01. Kurze Antwort
Das überzeugendste Argument für einen Preisverfall bei Erdgas ist nicht etwa ein Slogan über ein Überangebot, sondern eine konkrete Liste von Faktoren, die die Preise wieder in Richtung der unteren Hälfte des historischen Bereichs drücken können.
Die Erdgas-Futures an der NYMEX schlossen am 18. Mai 2026 bei etwa 3,04 $/MMBtu ( laut Yahoo Finance Chart API, NG=F, 1-Monats-Tagesdaten) . Der offizielle monatliche Henry-Hub-Benchmark der EIA lag im April 2026 im Durchschnitt bei 2,77 $/MMBtu ( EIA-Bericht „Short-Term Energy Outlook: Natural gas“, 12. Mai 2026) . Diese Diskrepanz ist relevant. Futures spiegeln die aktuellen Markterwartungen und die Risikoprämie wider, während der Henry-Hub-Benchmark als verlässlichere offizielle Grundlage für mittelfristige Szenarioanalysen dient.
Sollten die Preise von hier aus fallen, dürfte dies nicht auf einen einzigen Faktor zurückzuführen sein. Vielmehr dürfte es sich um eine Kombination aus schnellerem Wachstum des Begleitgases, komfortablen Speicherkapazitäten, mildem Wetter, einer geringeren industriellen Nachfrage und einem saubereren globalen LNG-Ausbaupfad handeln, als der Markt derzeit befürchtet. Daher sollte die pessimistische Prognose explizit dargelegt werden, anstatt sie als fehlende optimistische These zu betrachten.
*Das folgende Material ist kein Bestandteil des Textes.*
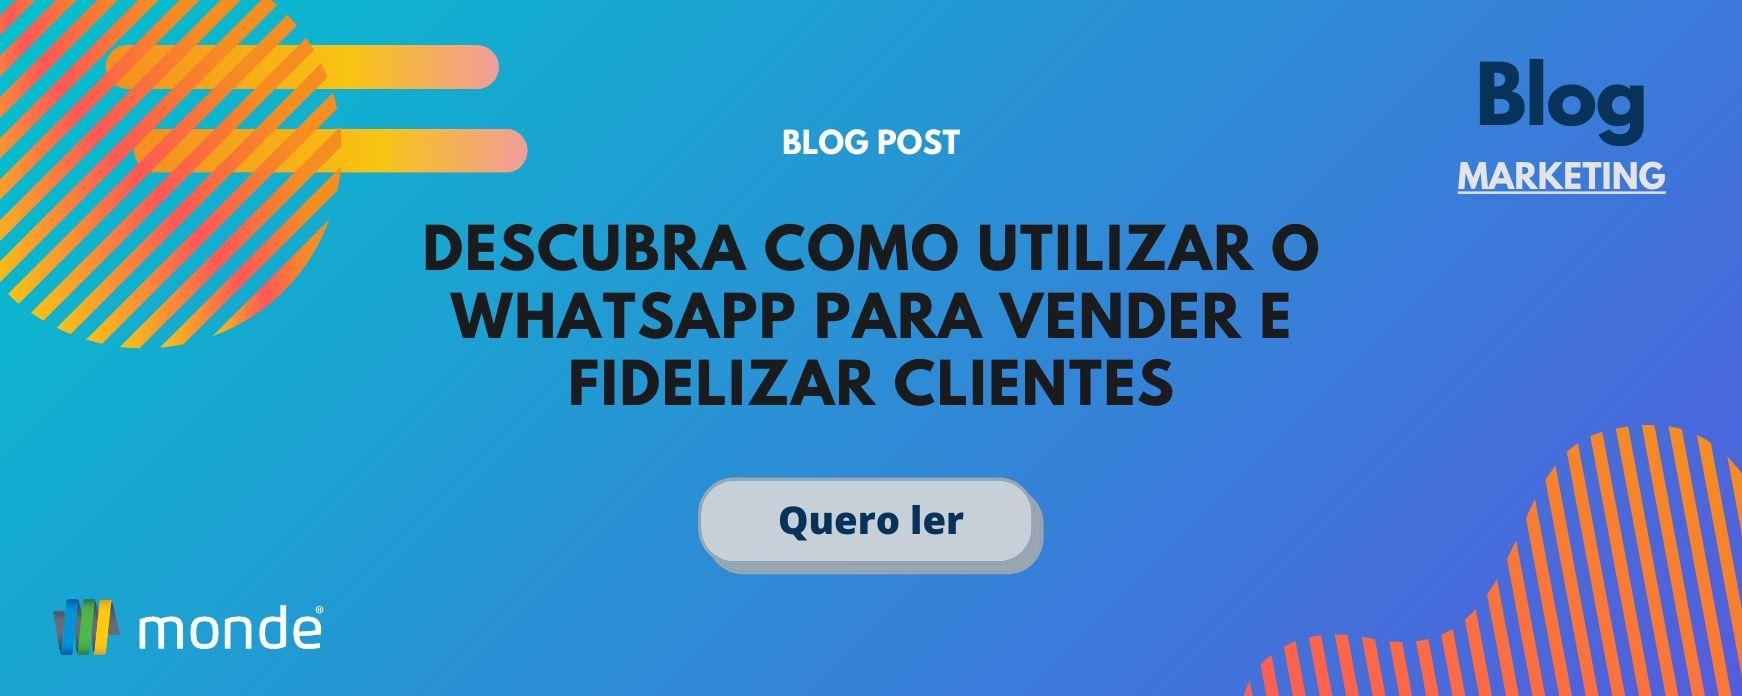 whatsapp para fazer vendas

| Kategorie | Evidenzbasierte Lektüre | Implikation |
|---|---|---|
| Aktuelle Konfiguration | Ein Gaspreis um die 3 Dollar ist im historischen Vergleich nicht besorgniserregend. | Es gibt Raum für Risiken, ohne dass ein extremes Ereignis erforderlich ist. |
| Primärer bärischer Treiber | Das Wachstum der Begleitgasförderung hat die Prognose der EIA für 2027 bereits deutlich nach unten korrigiert. | Die Angebotselastizität stellt nach wie vor das größte Abwärtsrisiko für den Markt dar. |
| Sekundärer bärischer Treiber | Bis Ende März 2026 hatten sich die Lagerbestände wieder über den saisonalen Durchschnitt erholt. | Komfortable Lagerbestände reduzieren den Bedarf an dauerhaften Risikoprämien. |
| Wichtiger Vorbehalt | Die globalen LNG-Störungen können die inländische Schwäche jedoch noch ausgleichen. | Eine pessimistische These sollte bedingt und nicht absolut bleiben. |
02. Historischer Kontext
Abwärtstrends bei Erdgas treten in drei Formen auf: Korrektur, Bärenmarkt und einbruchartiger Ausverkauf.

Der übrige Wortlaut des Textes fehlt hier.